◆ **Stored data**
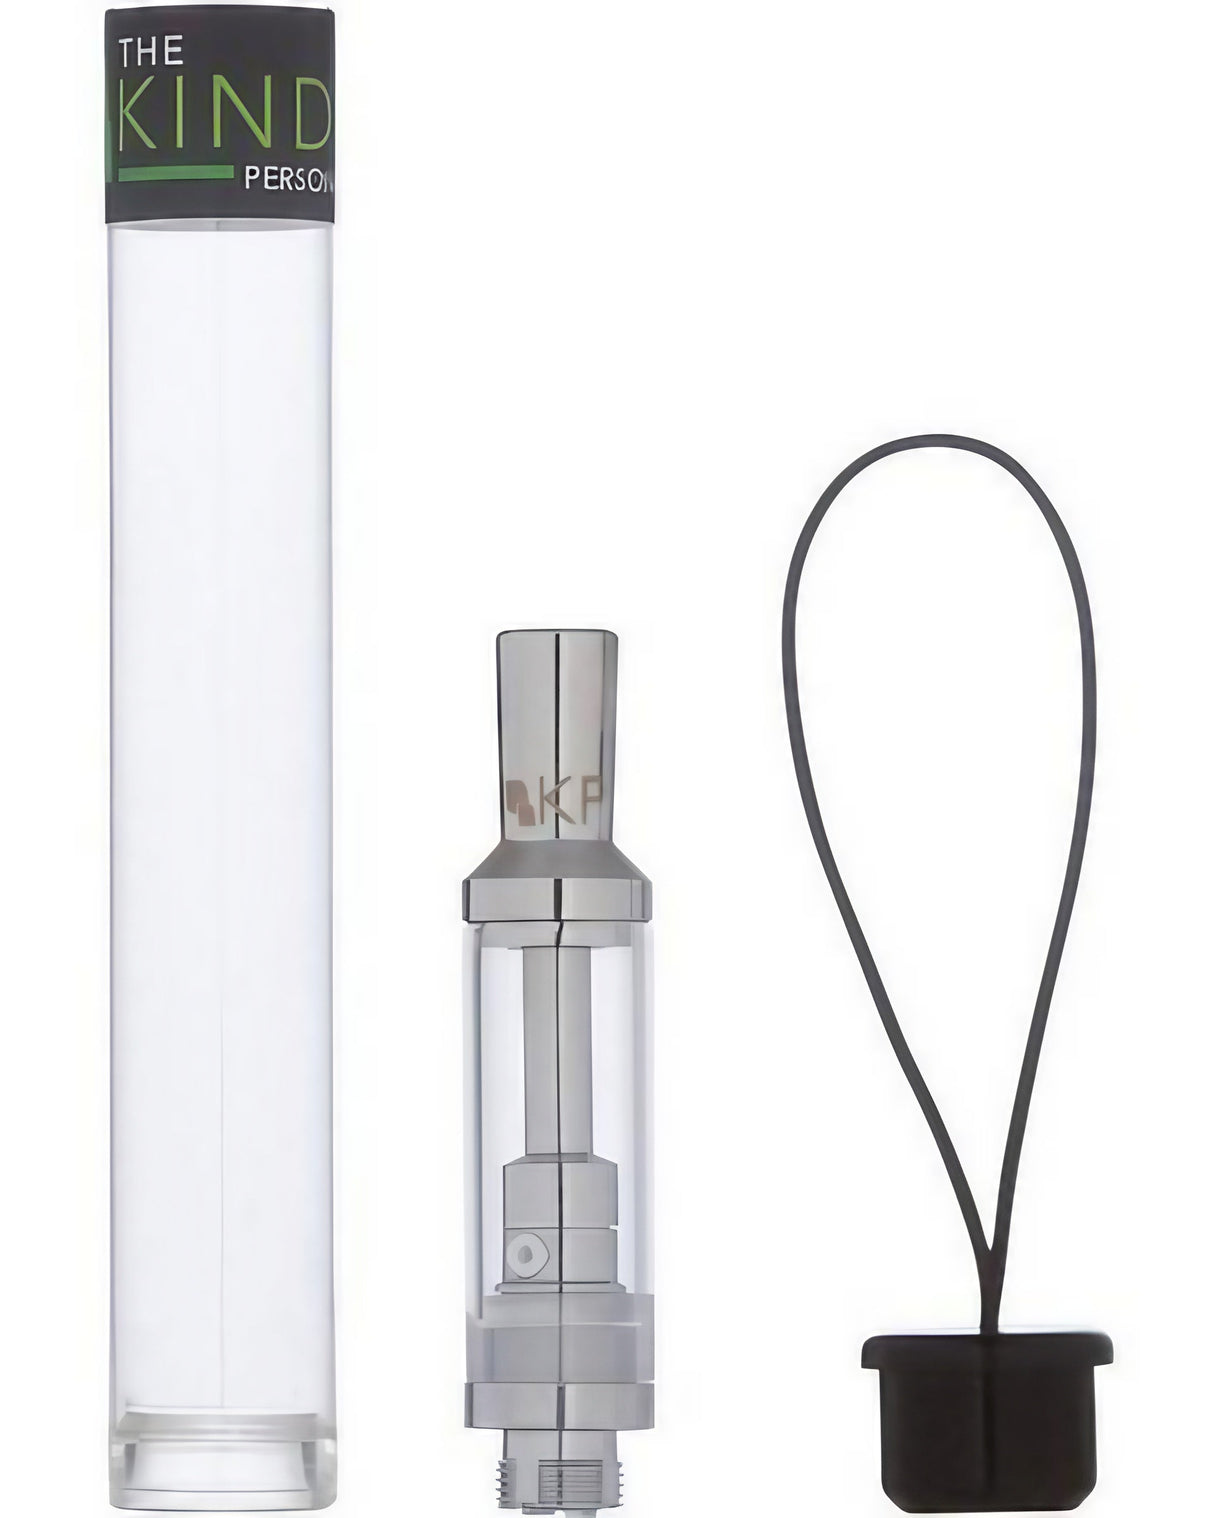 The Kind Pen Wickless Metal/Glass Cartridge for Concentrates, Front View with Packaging
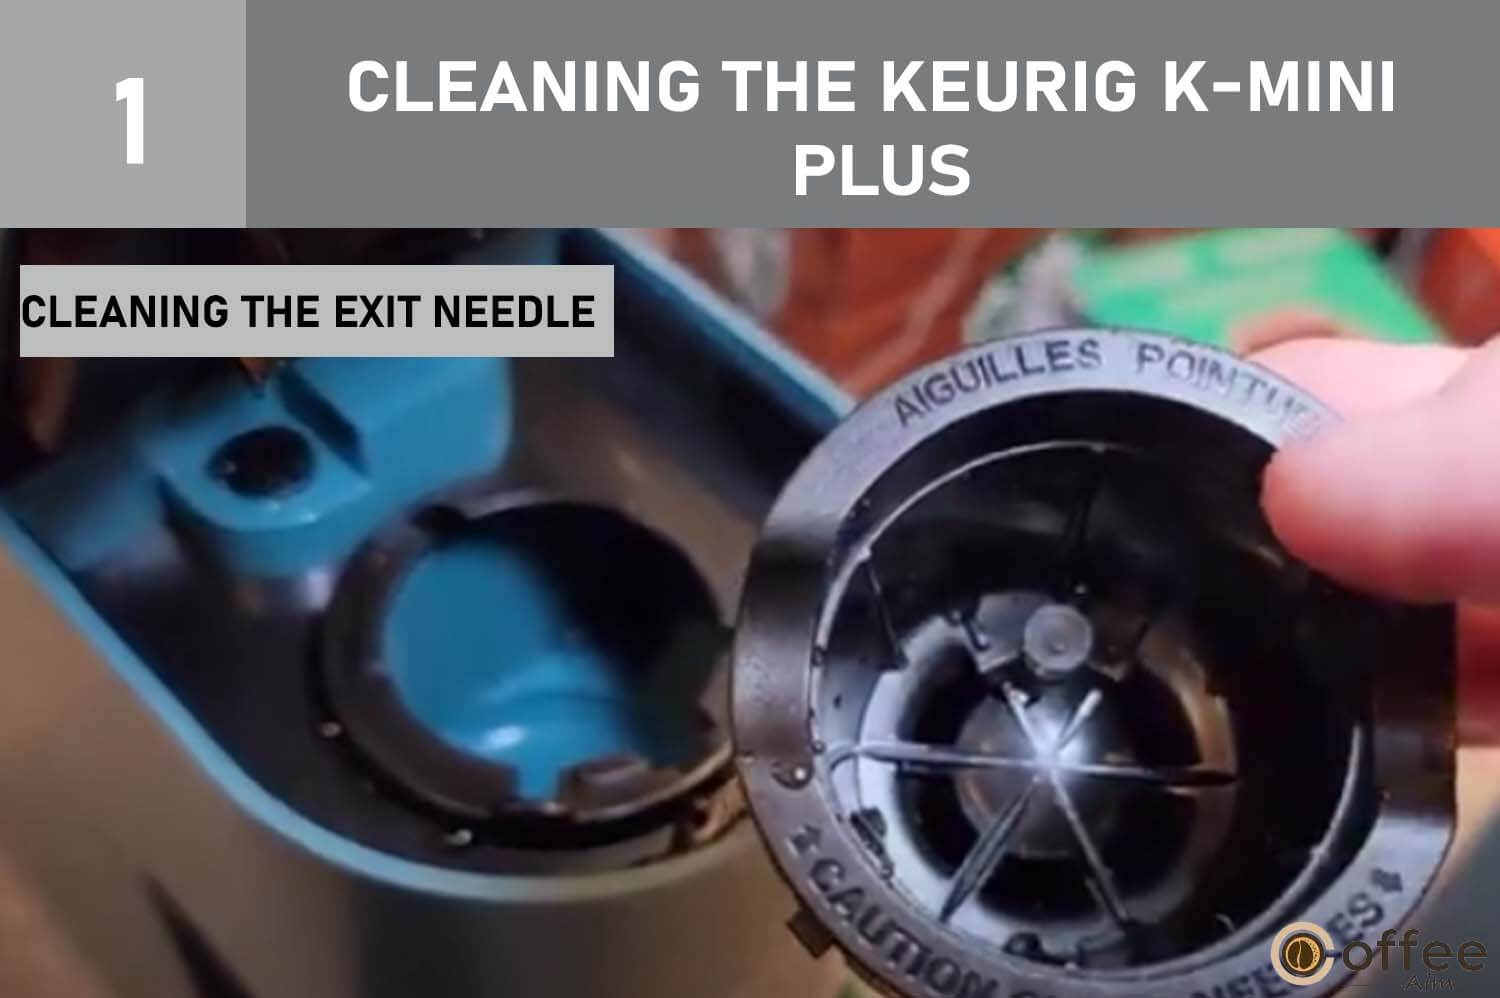 This image depicts the process of "Cleaning the Exit Needle" as part of the maintenance for the Keurig K-Mini Plus, as discussed in our article "Keurig K-Mini Plus Problems."





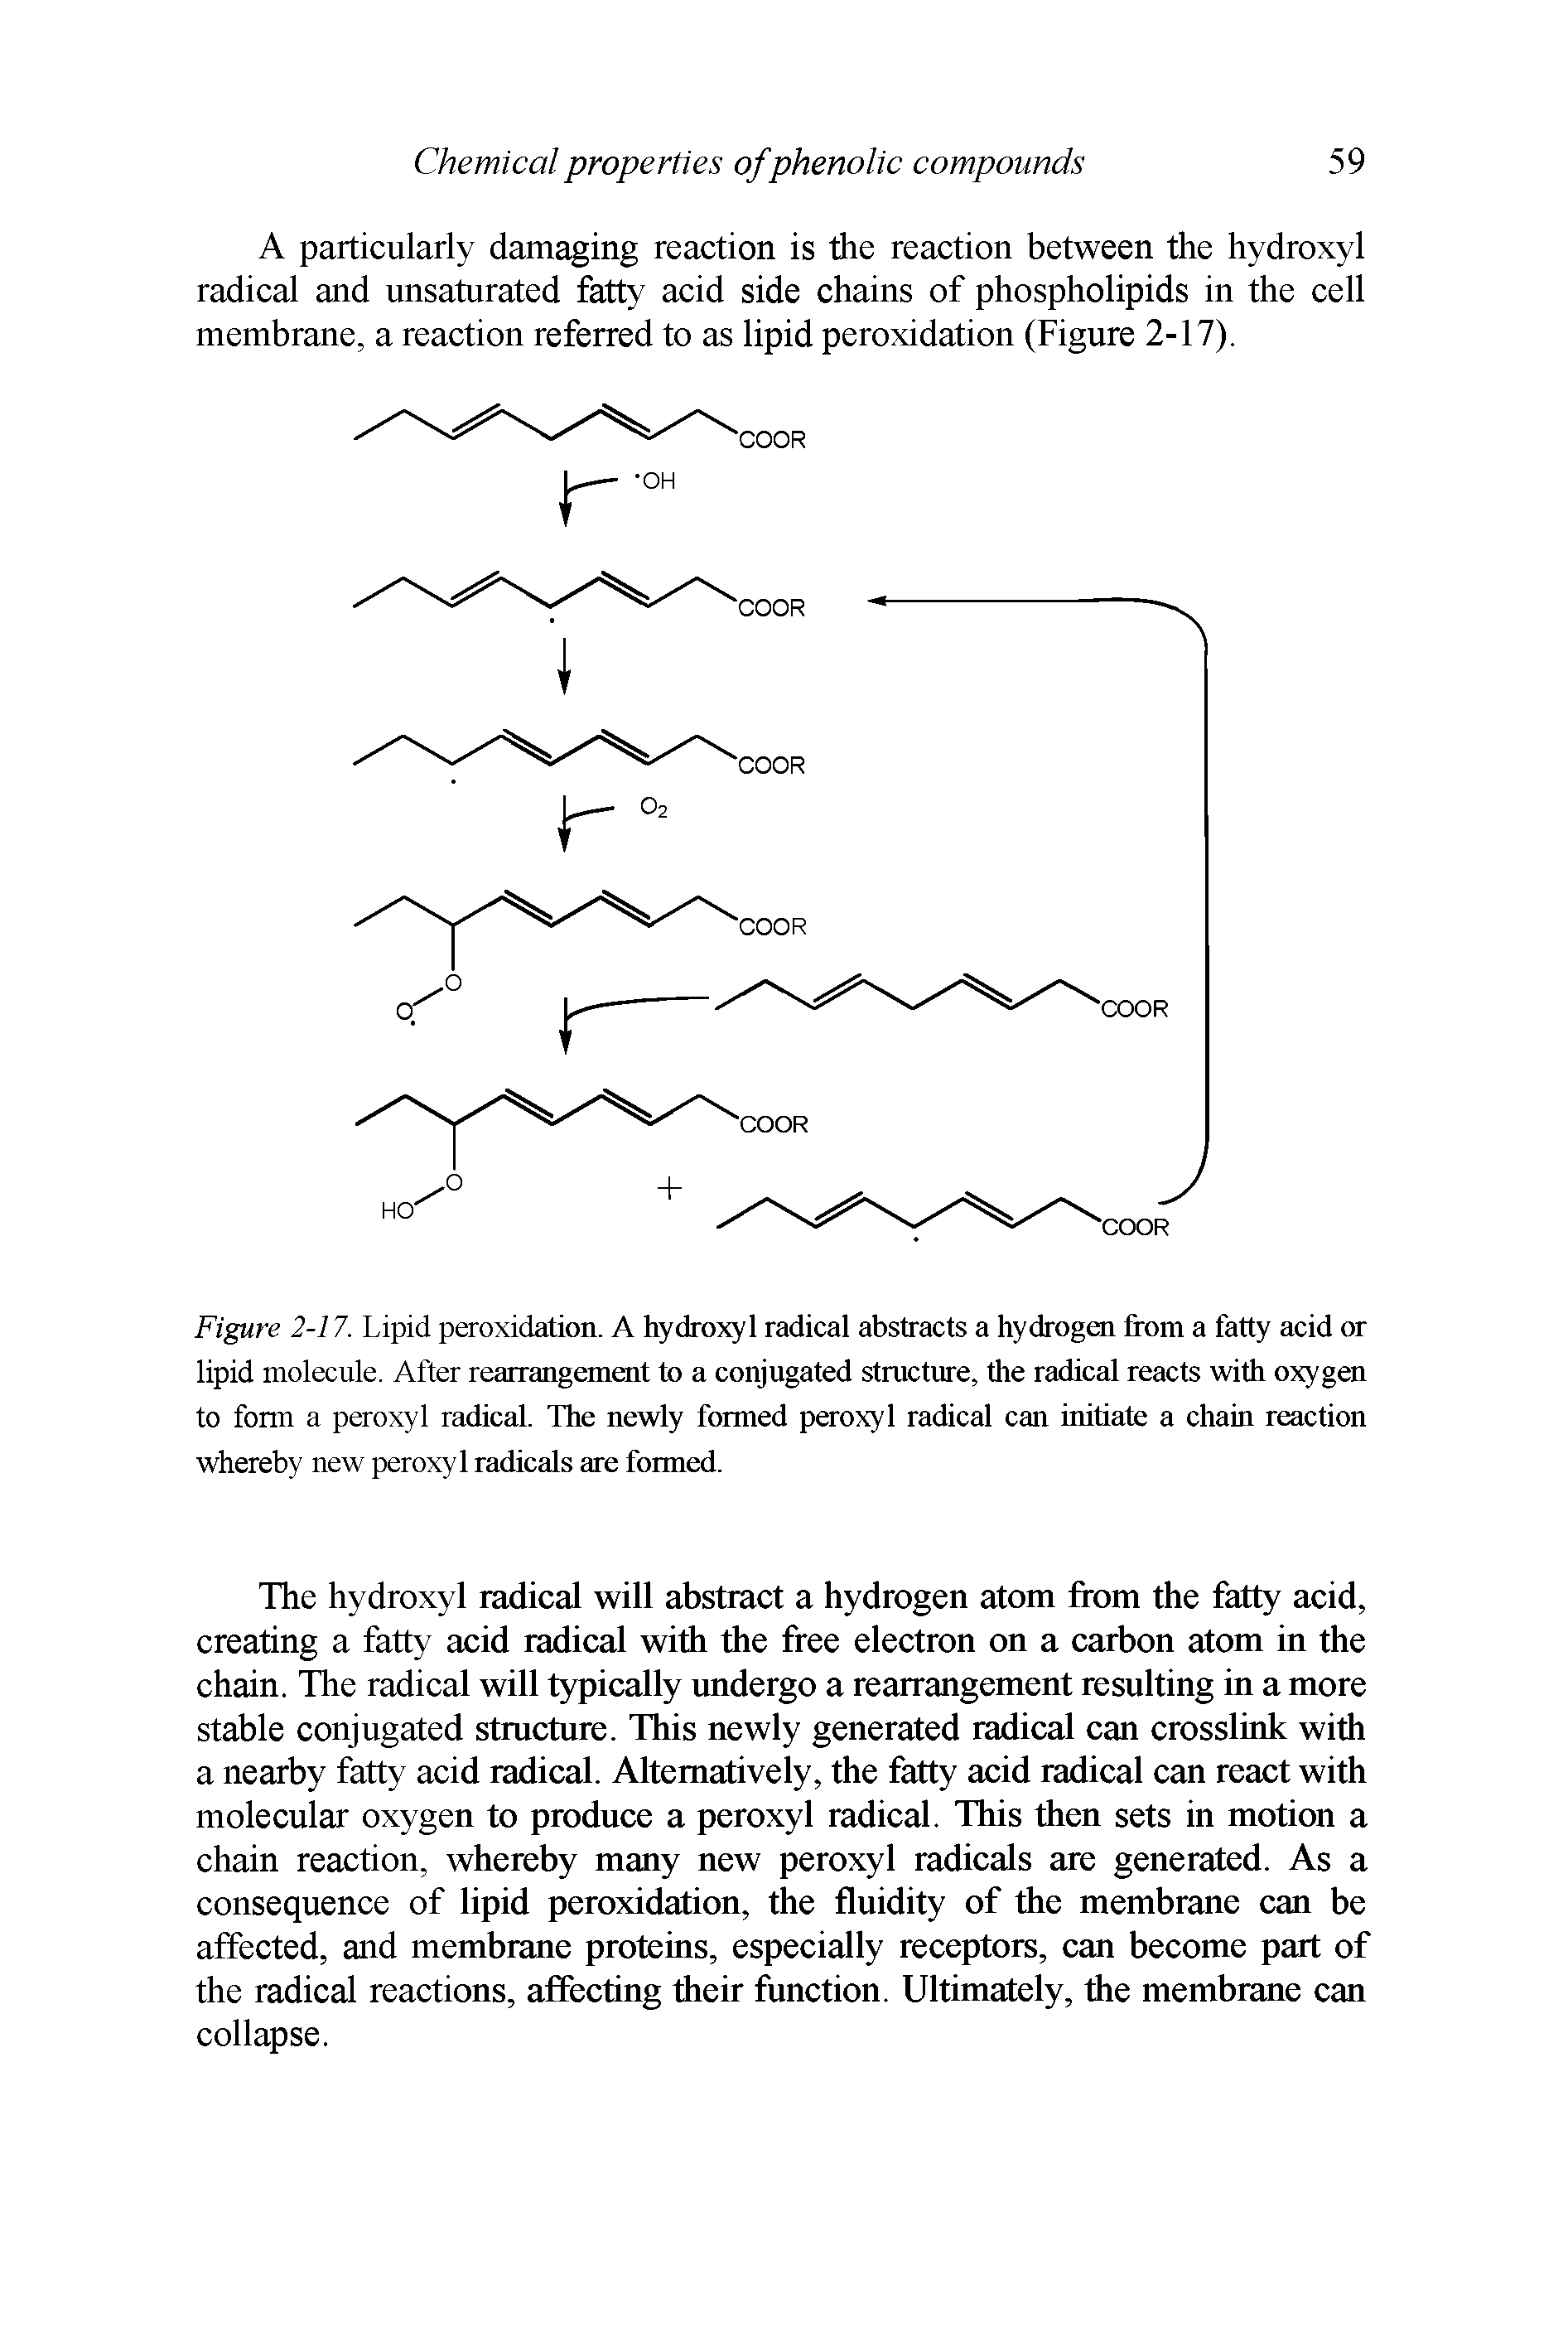 Figure 2-17. Lipid peroxidation. A hydroxyl radical abstracts a hydrogen from a fatty acid or lipid molecule. After rearrangement to a conjugated structure, the radical reacts with oxygen to form a peroxyl radical. The newly formed peroxyl radical can initiate a chain reaction whereby new peroxyl radicals are formed.
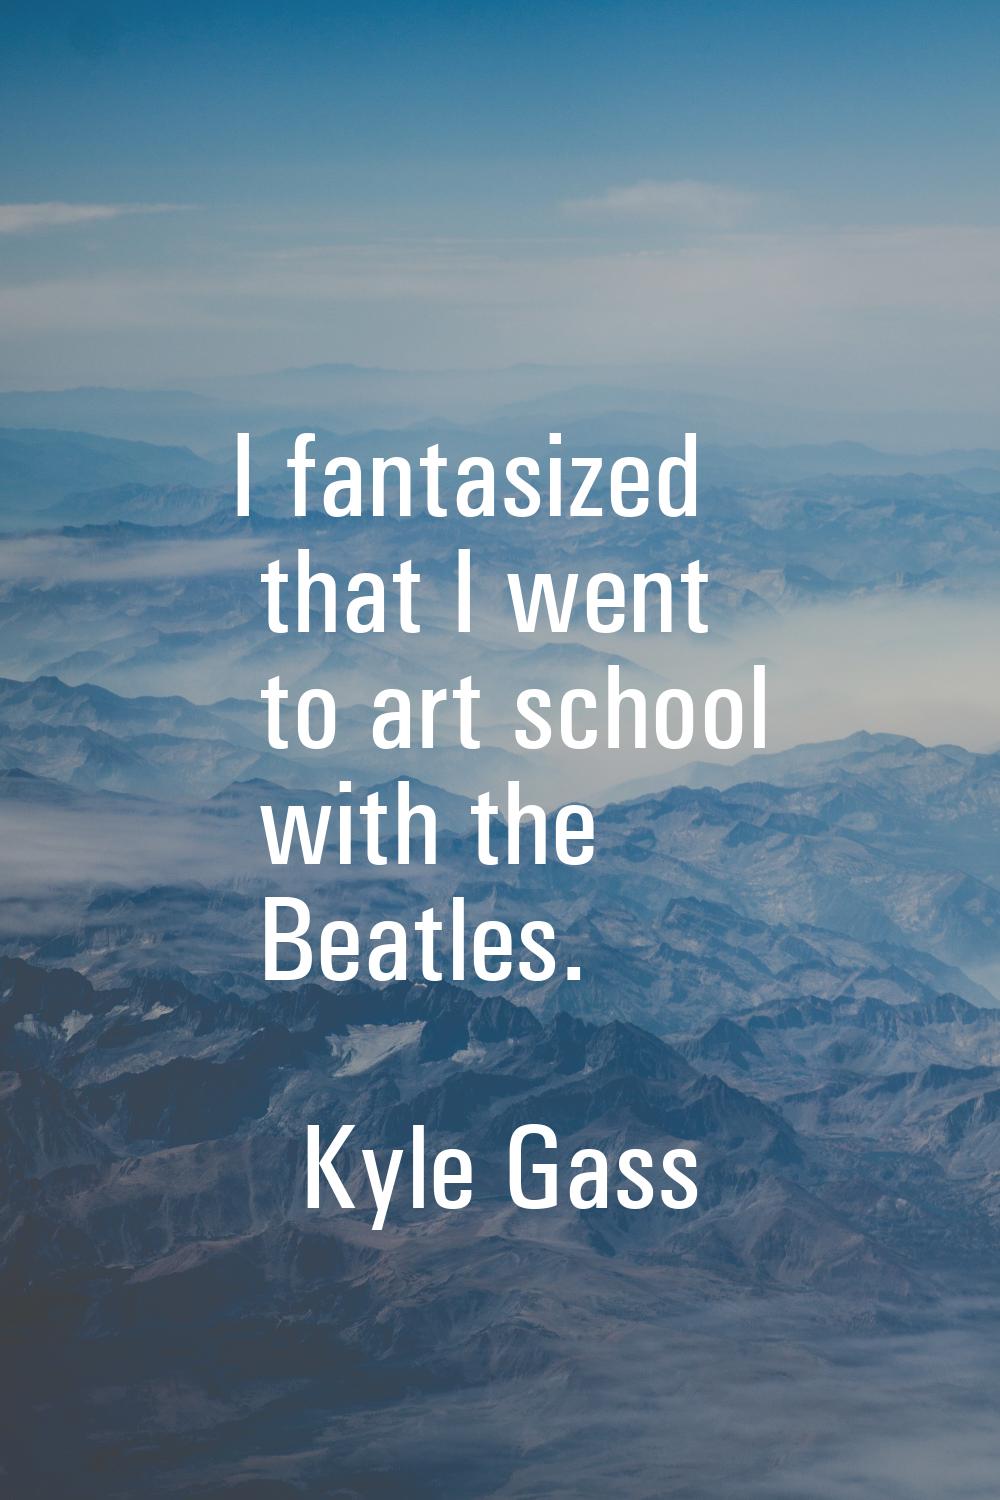 I fantasized that I went to art school with the Beatles.

◆ **What you will do**
Every line from the start of the material through the line holding "This image depicts" must be returned exactly, and the pictures must not.

◆ **Response**
 The Kind Pen Wickless Metal/Glass Cartridge for Concentrates, Front View with Packaging
 This image depicts the process of "Cleaning the Exit Needle" as part of the maintenance for the Keurig K-Mini Plus, as discussed in our article "Keurig K-Mini Plus Problems."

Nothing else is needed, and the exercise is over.